Warum sich also den Stress antun und Parteiprogramme der AfD aufrufen, eine Tätigkeit, bei der man sich schon vor dem Click auf ihre Website Schutzhandschuhe überstreifen möchte. Einzig vertretbarer Grund für einen Antifaschisten: offizielles, schriftliches, Mehrheitsmeinungsmaterial der Partei finden, mit dem man verbal werfen kann, in der Debatte mit Freund*innen, aber auch mit Wähler*innen der AfD, die noch erreichbar für Argumente sind.
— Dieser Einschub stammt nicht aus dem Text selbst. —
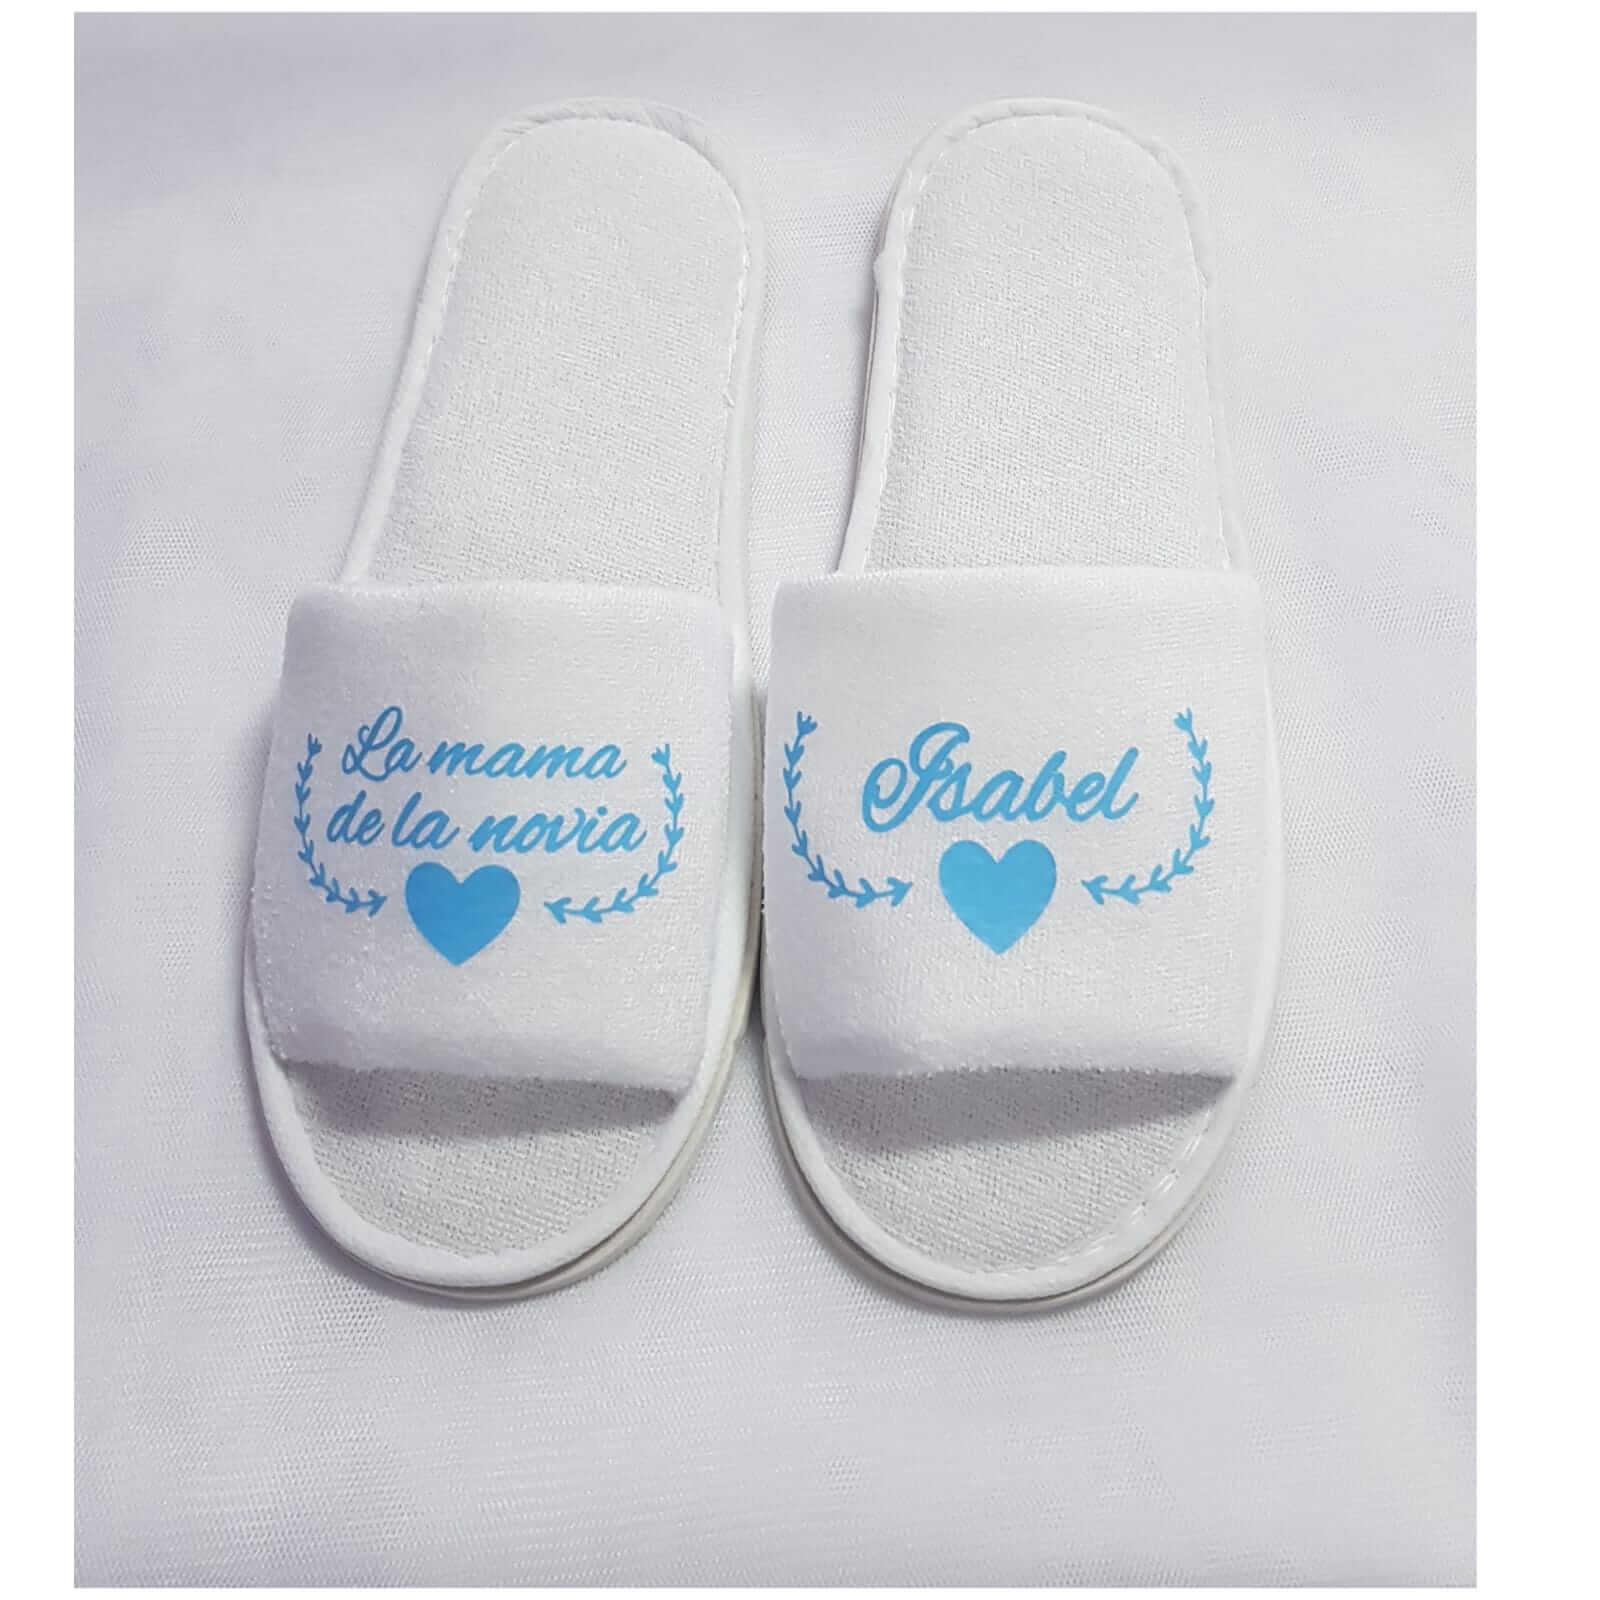 Zapatillas personalizadas novia zapatillas personalizadas novia - Zapatillas Personalizadas detalles boda porlanovia 3 - Zapatillas personalizadas novia | Zapatillas personalizadas boda

Wohlan denn, rein in den Sumpf, auf afd.de kann man durch Vieles hindurch waten. Ich stelle die anrüchigsten Blüten in den kommenden Monaten nach Rubriken geordnet vor. Und beginne mit der Sozialpolitik im engeren Sinne, also der staatlichen Hilfe für Menschen in wirtschaftlicher Not. Folgen werden die Renten, die Bildung, die Energie, die Familien, die Außen- bzw. Globalisierungspolitik, Rüstung und Krieg und vielleicht noch eine Carte blanche. Der Rassismus der AfD wird nicht explizit verhandelt, er überwölbt ohnehin alles andere und ist bekannt.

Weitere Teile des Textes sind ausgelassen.